Forty-one patients (10.5%) developed at least one MACE during follow-up [median: 7.5(IQR:6.6–8.9) years] including cardiac death/heart transplantation in 6 patients, documented sustained ventricular tachycardia in 6 patients, hospitalization for cardiac causes in 15 patients and hospitalization for heart failure in 14 patients. Patients who developed MACE during follow-up were older (46 vs. 38 years, p = 0.001) and had experienced more syncope/pre-syncope during the acute episode (p = 0.016) (Table 4). Patients with MACEs had lower LV EF (p < 0.001), a more extensive LGE (p = 0.036) which involved more frequently the septal wall (p = 0.017), and was more often localized in the midwall layer of the LV (p = 0.002) compared to patients without MACEs. By multivariate Cox analysis, only age (HR [95%CI] = 1.021 [1.001–1.041] per year; p = 0.035), and lower LV EF (HR [95%CI] = 0.94 [0.91–0.97] per% decrease; p < 0.001), remained independently associated with MACE occurrence (Figure 3). Only lower LV EF (HR [95%CI] = 0.90 [0.87–0.94] per% decrease; p < 0.001), remained independently associated with the occurrence of MACE in patients presenting with edema and LGE (n = 245).

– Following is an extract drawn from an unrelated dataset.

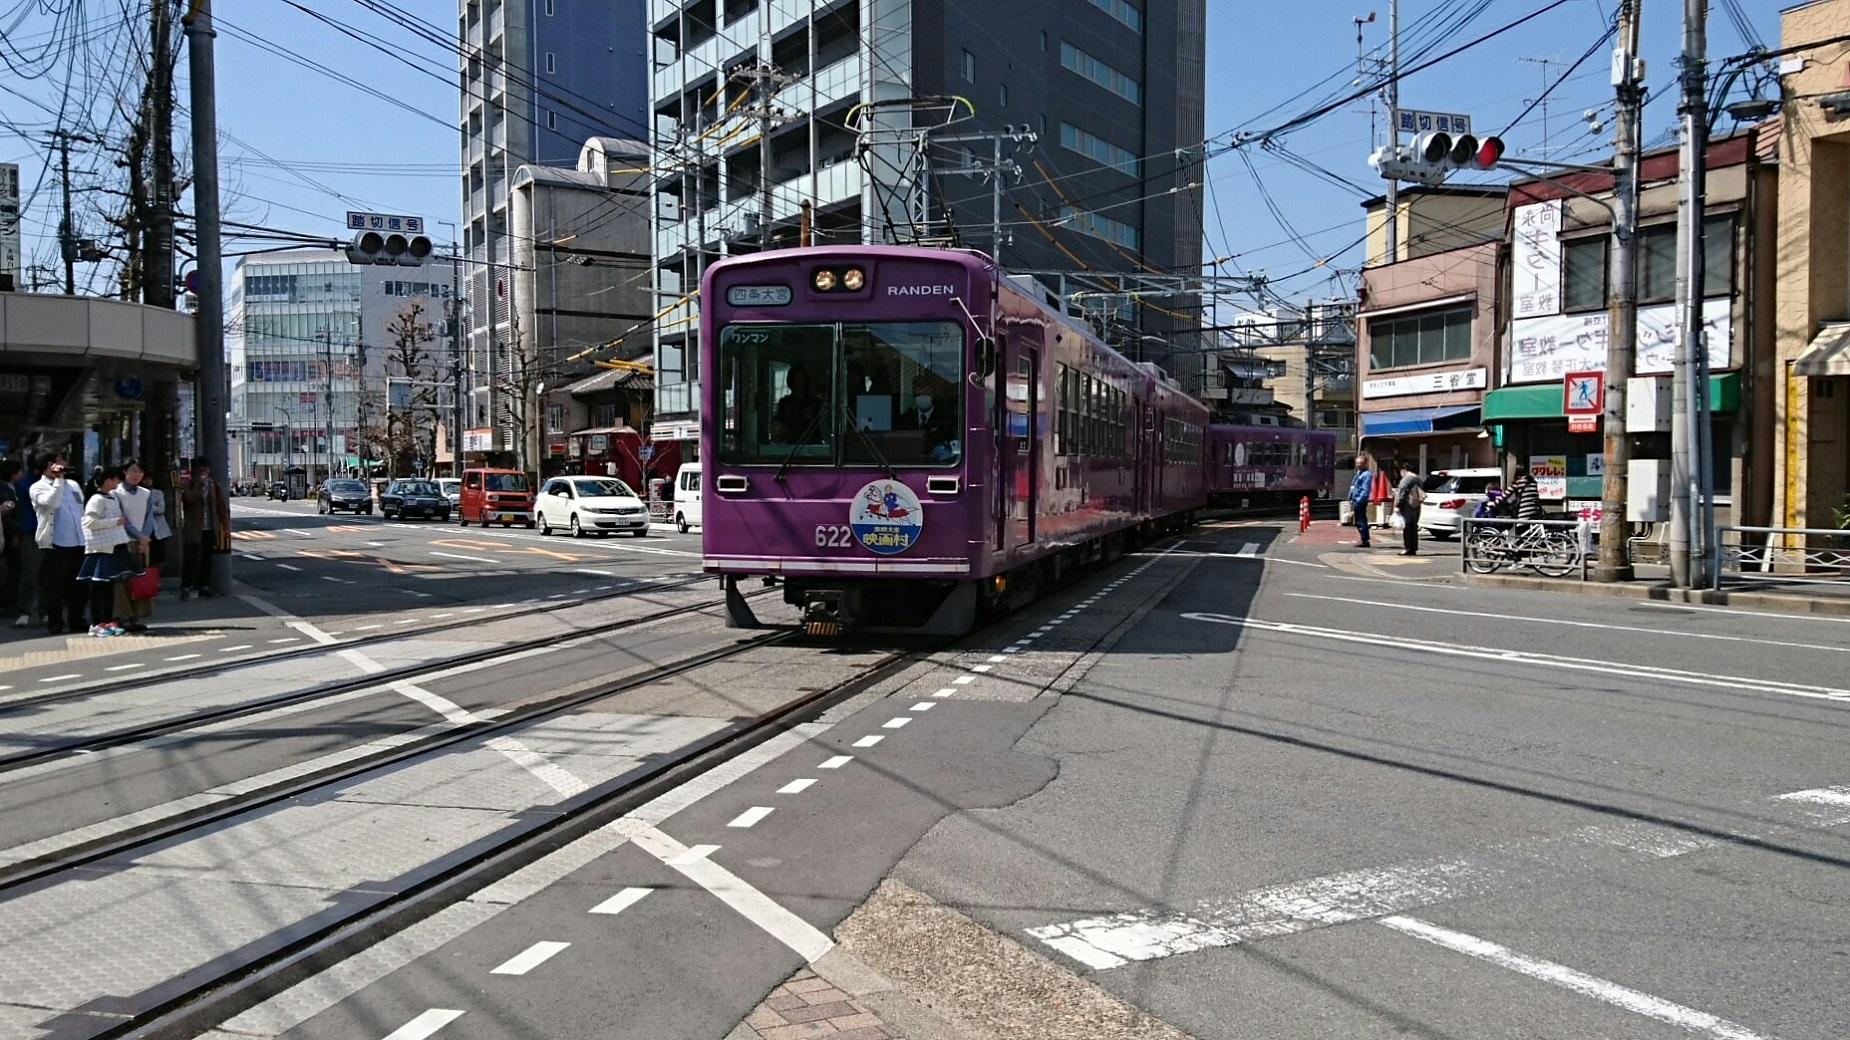 2017.4.2 西院のりかえ (9) 四条大宮いき電車 1850-1040

Estimated 7-year event free survival was 94 ± 1% for patients with LV EF > 45% and 81 ± 6% for patients with LV EF ≤ 45% (Log Rank p < 0.001) (Figure 4A). Estimated 7-year event free survival was 94 ± 2% for patients with LGE extent < 10% of myocardial mass and 91 ± 2% for patients with LGE extent ≥ 10% of myocardial mass (Log Rank p = 0.736) (Figure 4B).

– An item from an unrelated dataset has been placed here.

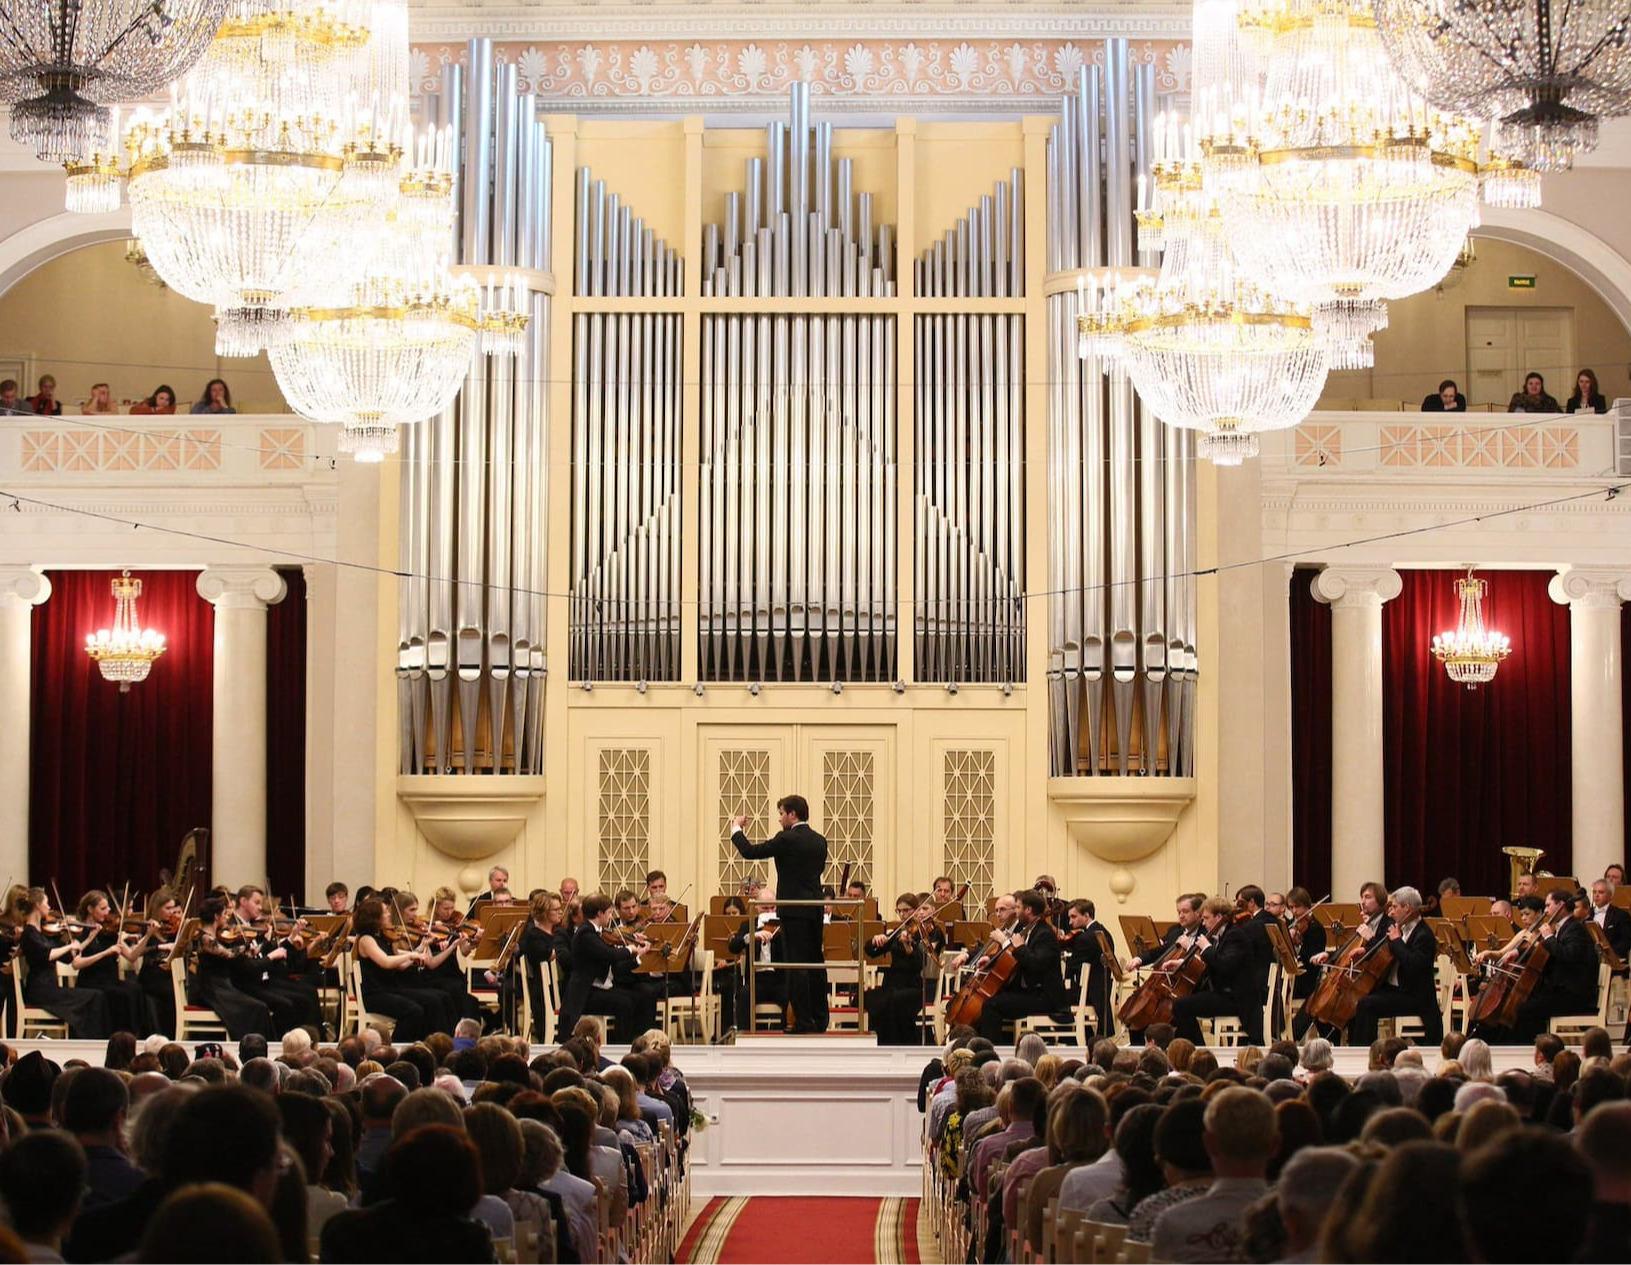 Большой зал филармонии имени Шостаковича

During follow-up, 30 patients (7.7%) experienced a recurrence of AM with a mean delay of 4.9 ± 3.1 years after the initial episode. Patients with recurrent myocarditis reported more viral syndrome at the time of the index episode (50% vs. 27.9%; p = 0.020) and had more often a prior history of myocarditis before this index episode (p = 0.012) (Table 5). By multivariate Cox analysis, these two variables remained independently associated with an AM recurrence during follow-up (HR [95%CI] = 5.74 [1.72–19.22]; p = 0.005 for prior myocarditis and HR [95%CI] = 4.21 [1.91–9.28]; p < 0.001 for viral syndrome).

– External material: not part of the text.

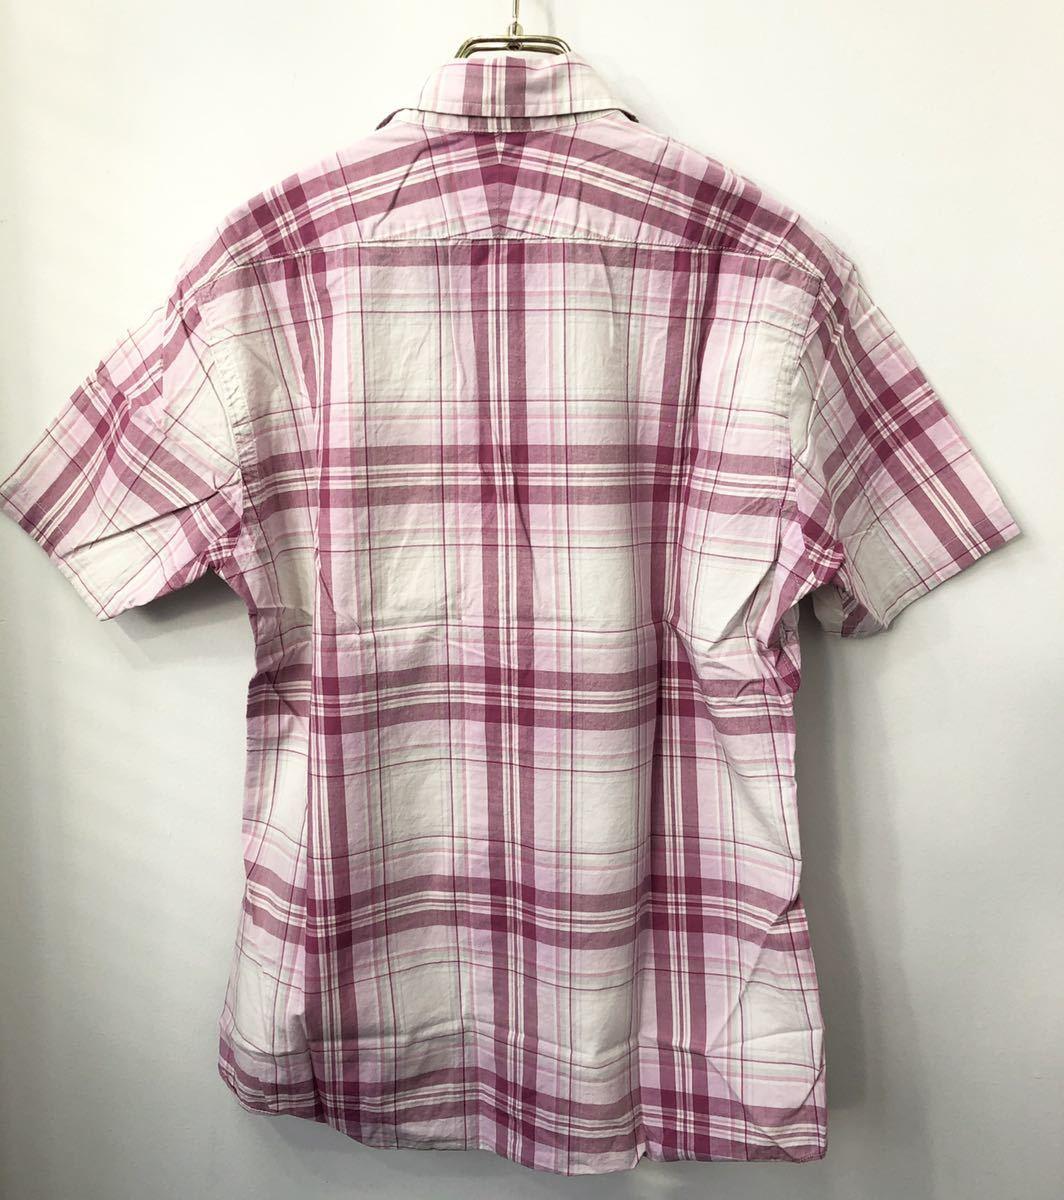 美品 BURBERRY BLACK LABEL バーバリーブラックレーベル ホースマーク刺繍 チェック 半袖シャツ 2 ピンク

Our study presents the limitations inherent to retrospective analyses. Coronary artery disease has not been ruled out by specific examination in all patients. However, none of the patients had an LGE pattern consistent with myocardial infarction, and coronary angiography was performed when deemed necessary to rule out an acute coronary syndrome. EMB was not performed to confirm the diagnosis of AM. This study did not provide comparisons between CMR lesions and biomarkers to predict clinical outcomes because these markers were not available for all patients. Also, the empirical treatment based on β-blockers and angiotensin-converting enzyme inhibitors might have influence the outcome of patients. T1 and T2 mapping techniques were not available at the time of our study and we cannot rule out the possibility that patients without focal edema might have another diagnosis, even if all patients had a clinical presentation suggestive of AM. CMR does not allow to distinguish the most common lymphocytic-dominant myocarditis from more severe forms of AM such as giant cell, eosinophilic and sarcoid myocarditis, which might be associated with poor outcomes. However, our population consisted only of hemodynamically stable patients with AM of presumed viral origin. Recent data suggest that patients with inherited cardiomyopathies can present with acute myocarditis and that they tend to have worse prognosis compared to “pure” myocarditis (31-33). Unfortunately, this interesting information was not known during the inclusion period of the study and therefore data on family history of cardiomyopathy or AM and genetic testing were not available in our database. Although follow-up is long, it is possible that some events occurred later and that LGE extent could be associated with those later events. Finally, all patients included in this study had early CMR, which represents a selection bias because it excluded the most severe patients.